Like in the example given earlier---a fundamentalist Christian spots some error in their pastor's sermon, then starts wondering what else the pastor is wrong on, then what else the church is wrong on, what the denomination is wrong on, what the holy book is wrong on, what the entire religion is wrong on, etc. It is possible that a person could stop somewhere in the middle there, say they admit their denomination is wrong but stick to their belief that their holy book is right still. They would have no good reason to do one and not the other---that would be inconsistent. Psychologically though, people can be and are inconsistent. If they were consistent, they would ditch the entire religion for the same reason(s) they reject their pastor's statement.

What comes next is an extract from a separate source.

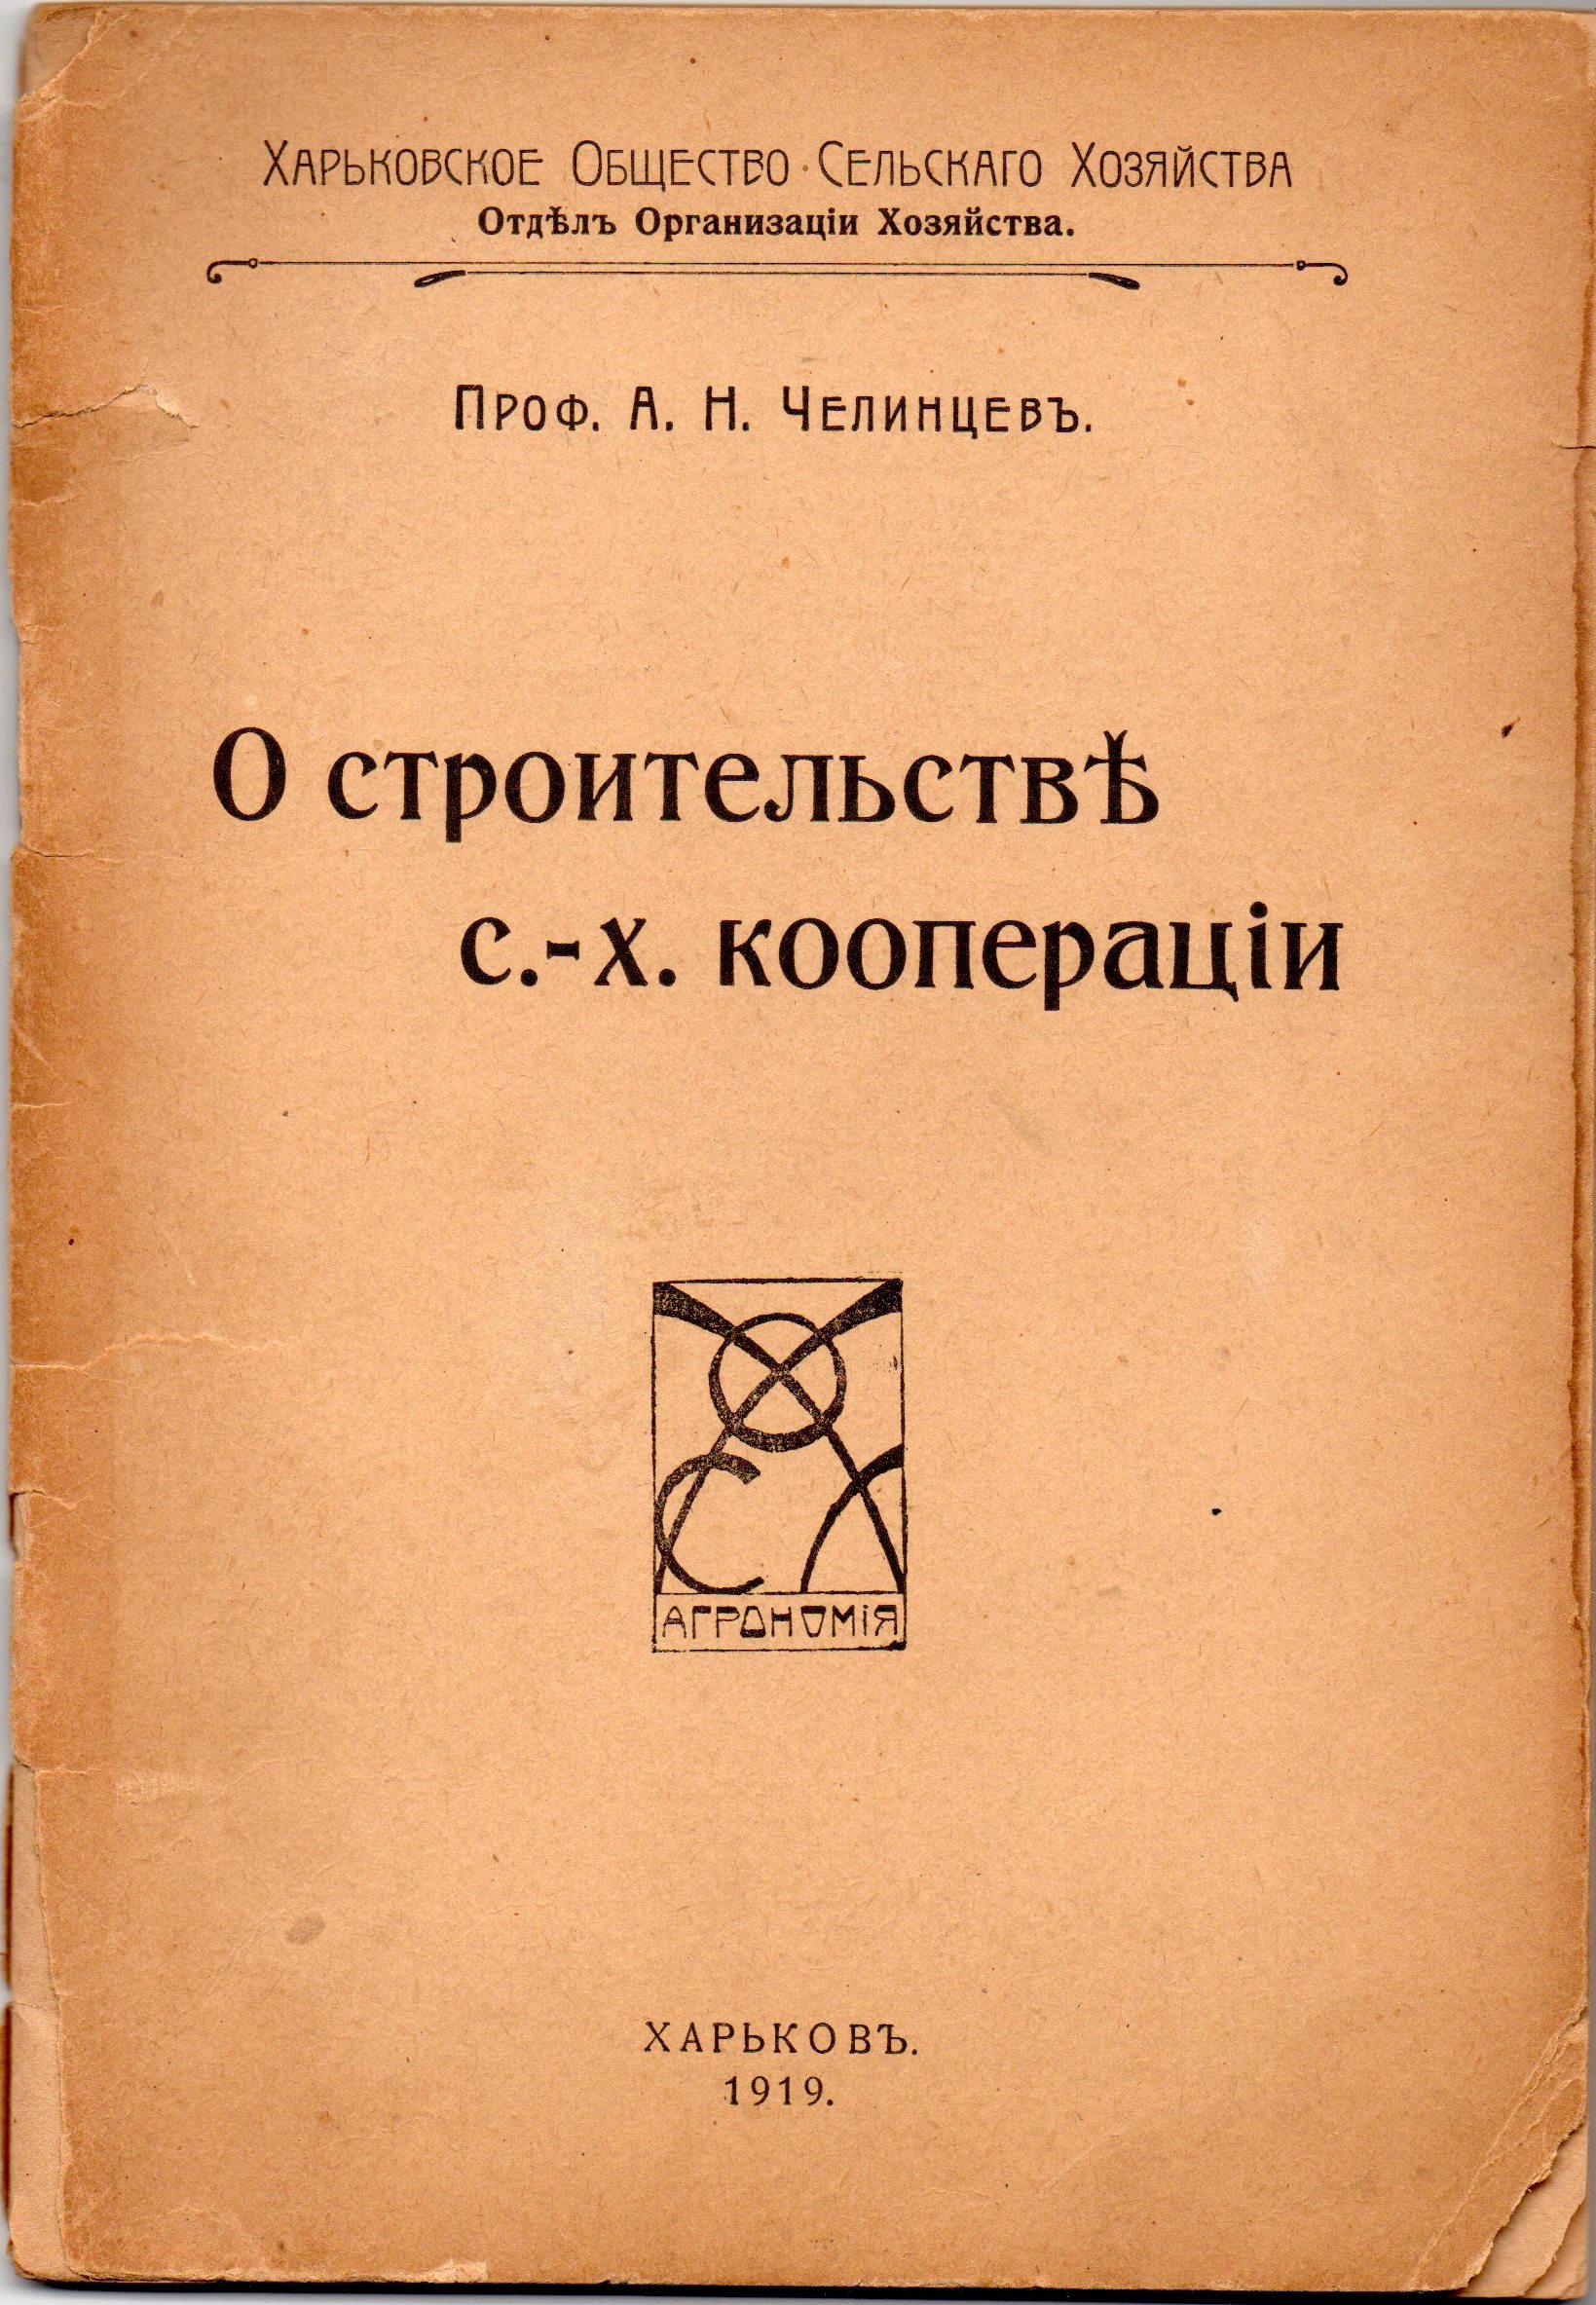 Книга "Челинцевъ А. Н. "О строительствѢ с.-х. коопераціи"

So where does the idea of "slippery slope" fit in? If that person's church members were to say to the person "Kelly, you need to stop questioning Pastor Harry because that may lead you down a dark path." would that church be committing a slippery slope fallacy? If Kelly was to remain consistent, then they would be right that it would lead her down the dark path towards deconversion. Depending on how internally consistent she ends up being will determine how much of her religion she ends up rejecting.

So I am not sure if a slippery slope is always a fallacy, or if it is sometimes a valid criticism.

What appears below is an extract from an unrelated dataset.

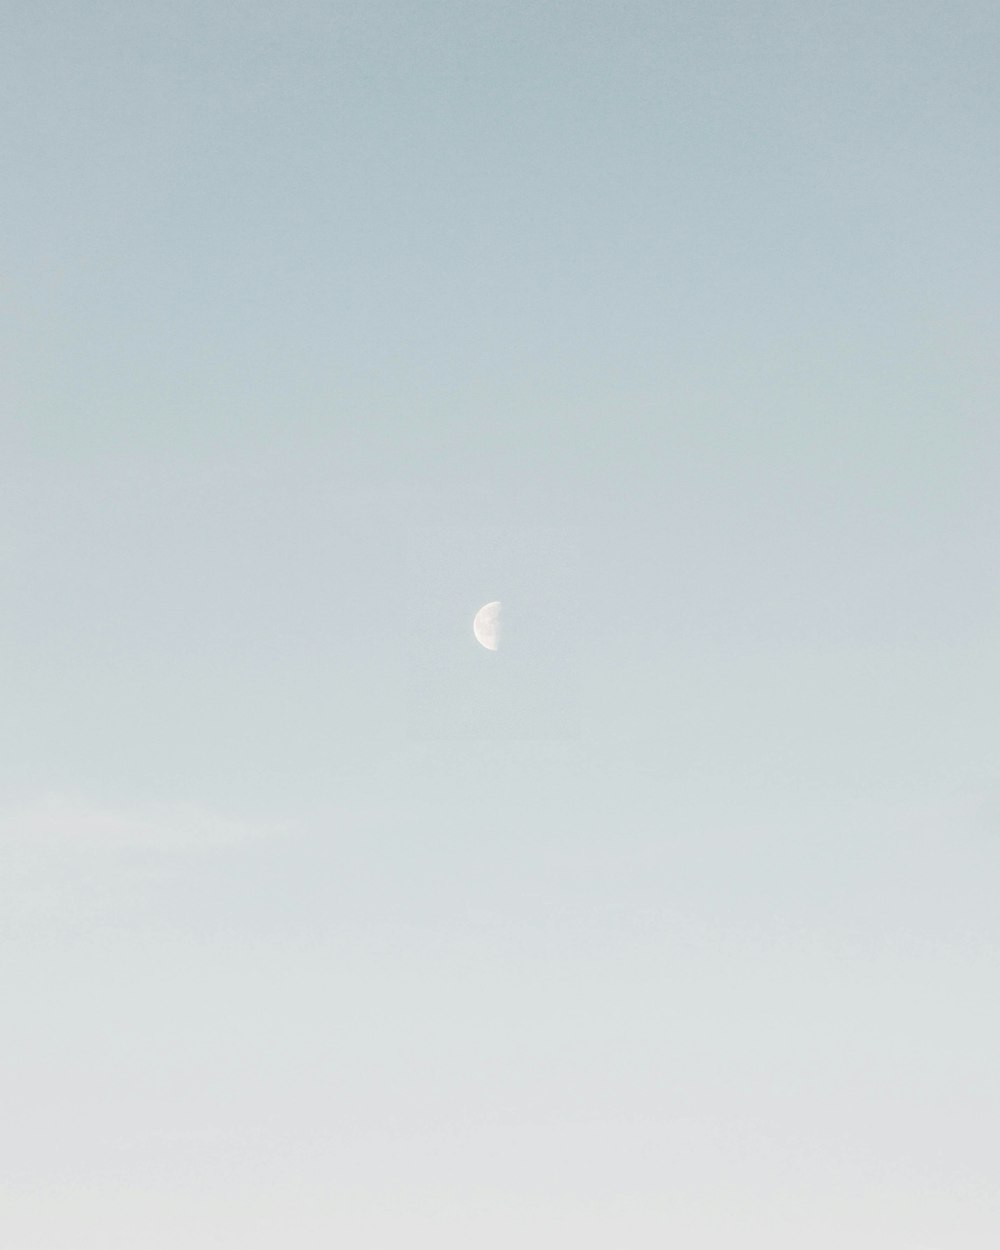 Photo de demi-lune pendant la journée

8. Originally Posted by Brian63
Slippery slope is an argument against doing something.
Which is not in itself an objective, logical fallacy. If proceeding from one action will likely lead to some other action, and then another action after that, and then some other action after that, etc., etc., etc. and that would ultimately likely lead to some very undesired end result, then the person may be better off not taking that initial first step. If drinking that first sip of alcohol for a recovering alcoholic is likely to lead them to a path back towards addiction and that first sip is the easiest to prevent, then a friend of that person who wants to help them avoid addiction would be better off helping them staying away from that 1st drink then the 5th or 6th or 20th drinks.

So it would be wise for that friend to intervene at that earliest time possible. It would not be a logical fallacy for that friend to employ that argument.

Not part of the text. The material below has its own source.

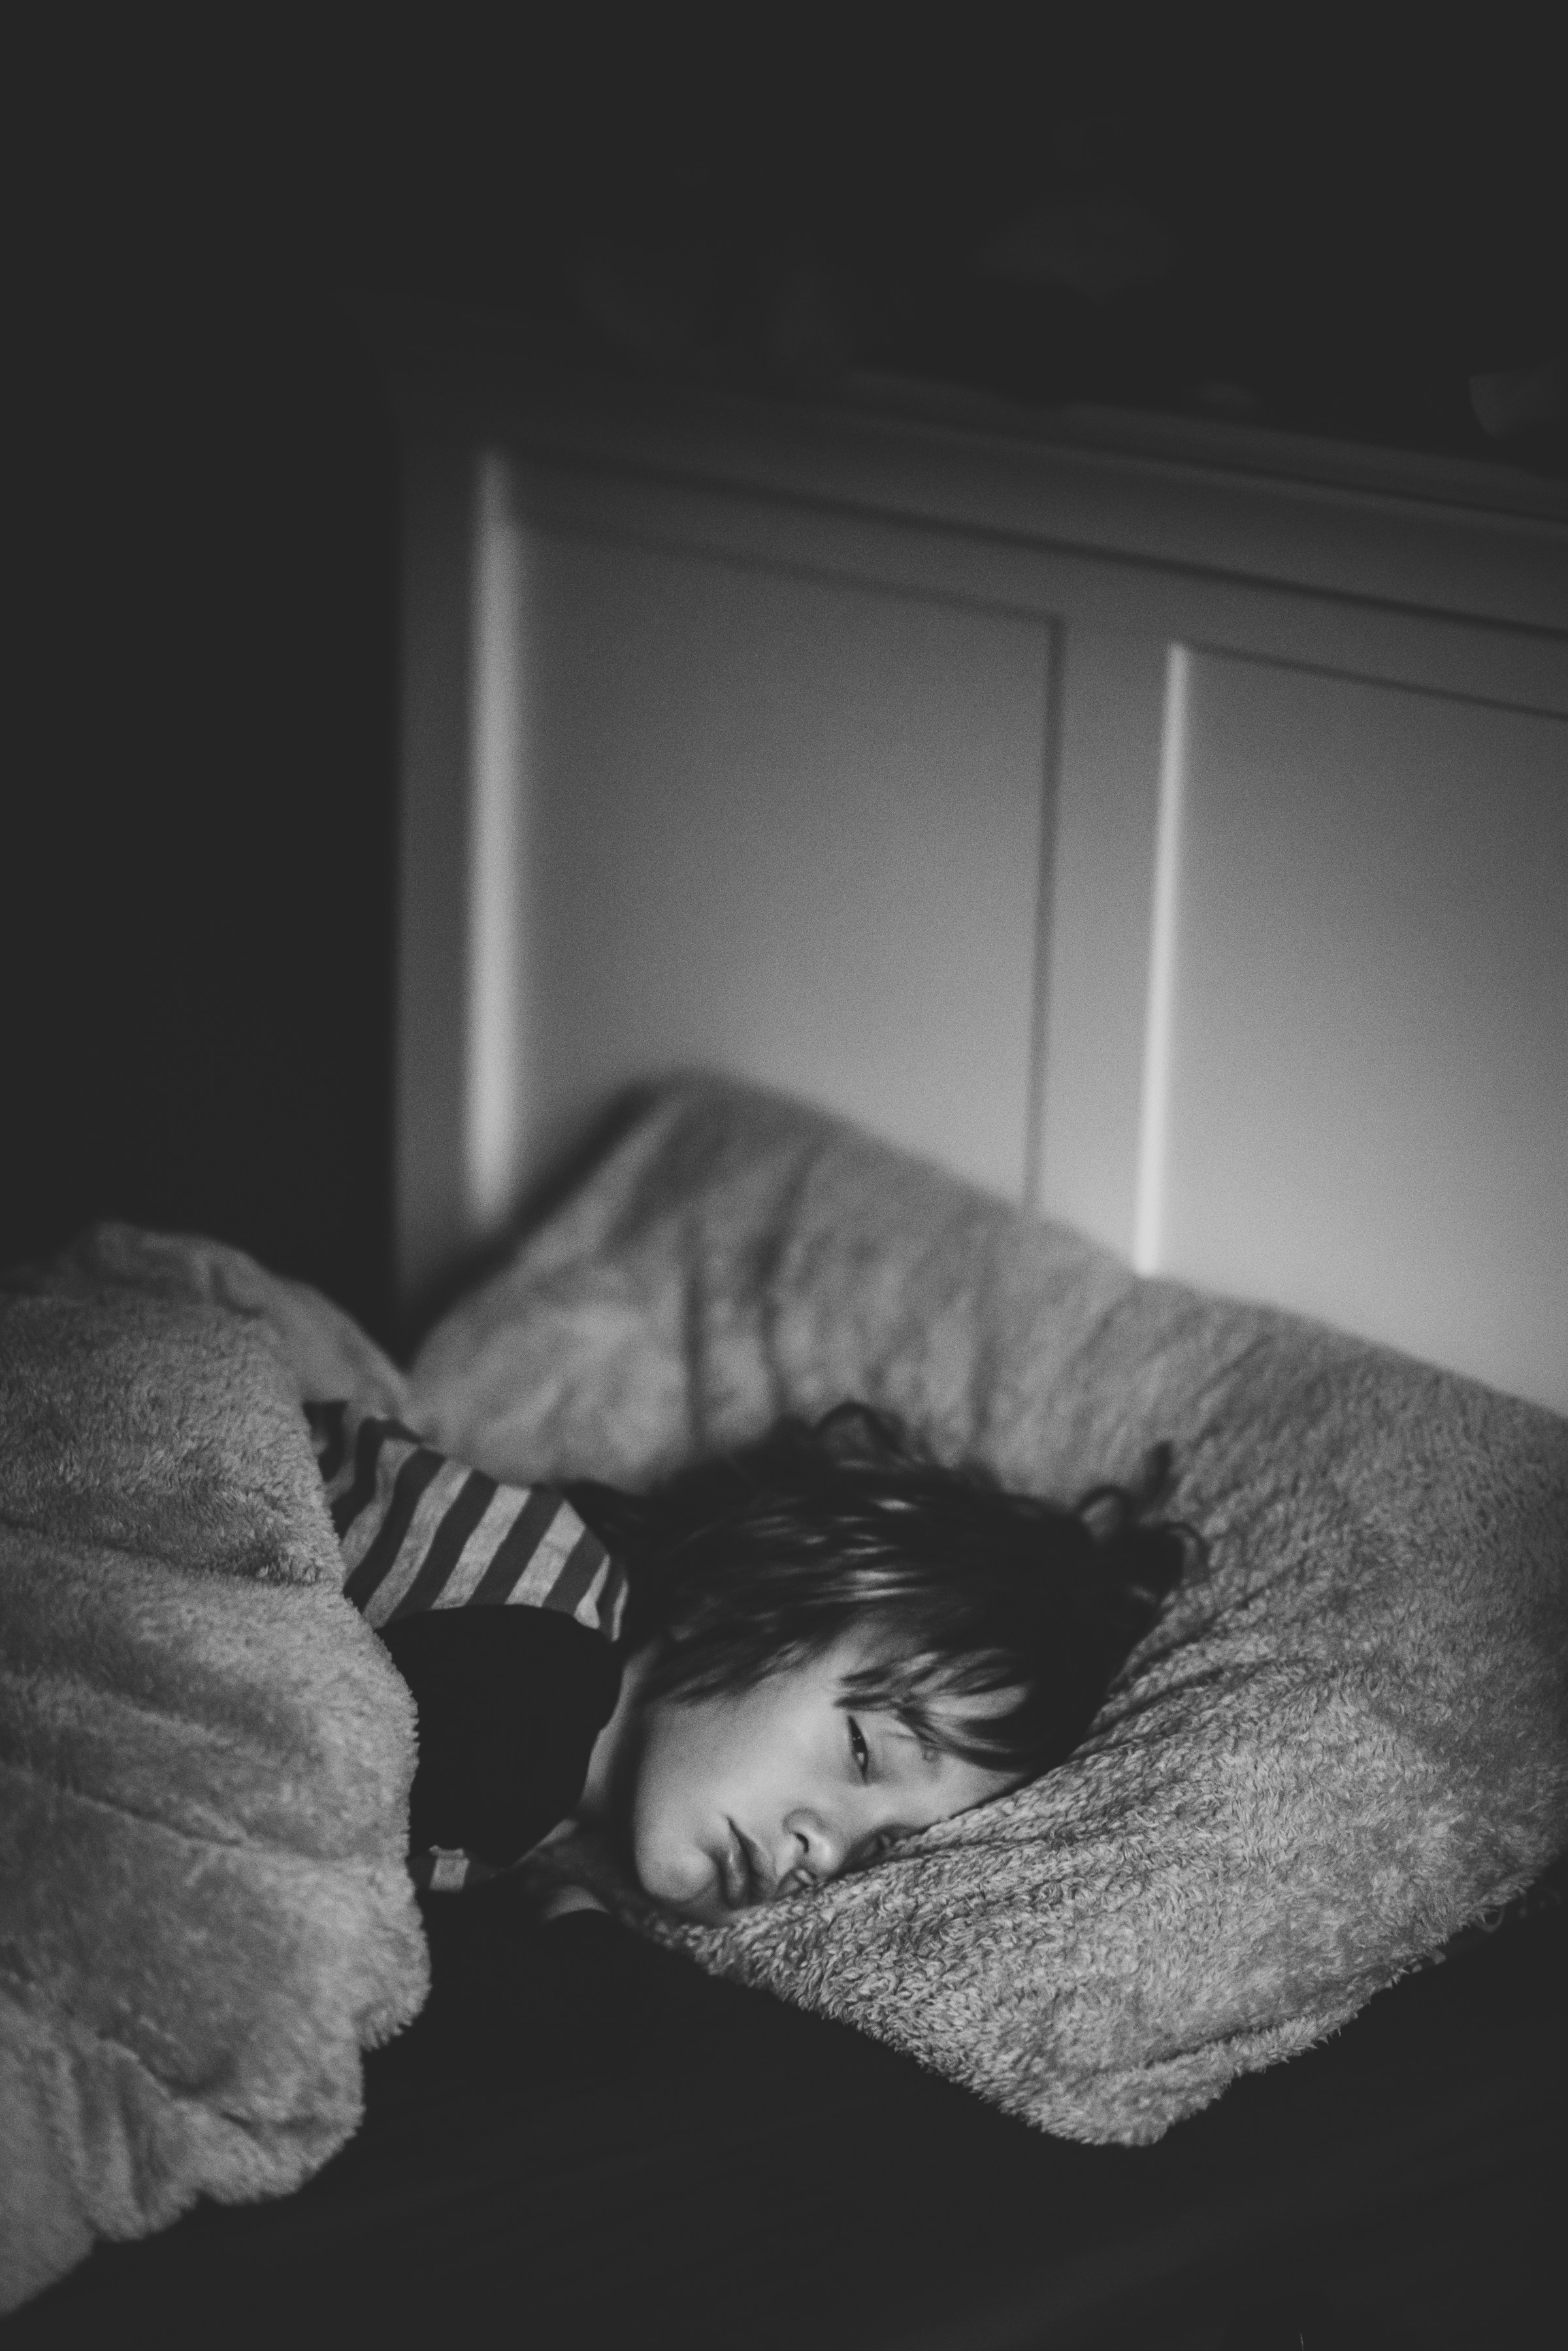 A little boy lying in bed | Source: Unsplash

A lot of times though, people seem to think that a slippery slope is necessarily a logical fallacy. They are mistaken. Sometimes it is a fallacy, sometimes it is a valid argument.
You are turning a simple, obvious, and common metaphor into a compacted discussion. It is not a logical proposition, it is more risk analysis carried to the extreme. In the issue like the invasion of Iraq there were arguments for and against the slippery slope. It is about projecting forward in time possible occurrences that can not be reduced to a syllogism like argument.

Most of the time in police issues it is an appeal to emotion, fear, and prejudice. If democrats take the WH and the senate they will start with gun control laws leading to raking away our guns.

9. Originally Posted by steve_bank
It is not a logical proposition,...
Correct that it is not a proposition, but it is a type of fallacy (at least sometimes).

https://www.logicallyfallacious.com/...Slippery_Slope
https://www.thoughtco.com/slippery-s...allacy-1692105

"In informal logic, slippery slope is a fallacy in which a course of action is objected to on the grounds that once taken it will lead to additional actions until some undesirable consequence results. Also known as the slippery slope argument and the domino fallacy."

"Logicians call the slippery slope a classic logical fallacy."

10. It is a metaphor like saying about North Korea, 'give Kim an inch and he will take a yard'. Or on Kim, 'give him a cookie abd he's going to want a glass of milk'.

Some say Trump is on a slippery slope with Iran leading to war.

I tried to come up with a metaphor for the slippery slope metaphor but alas I could not.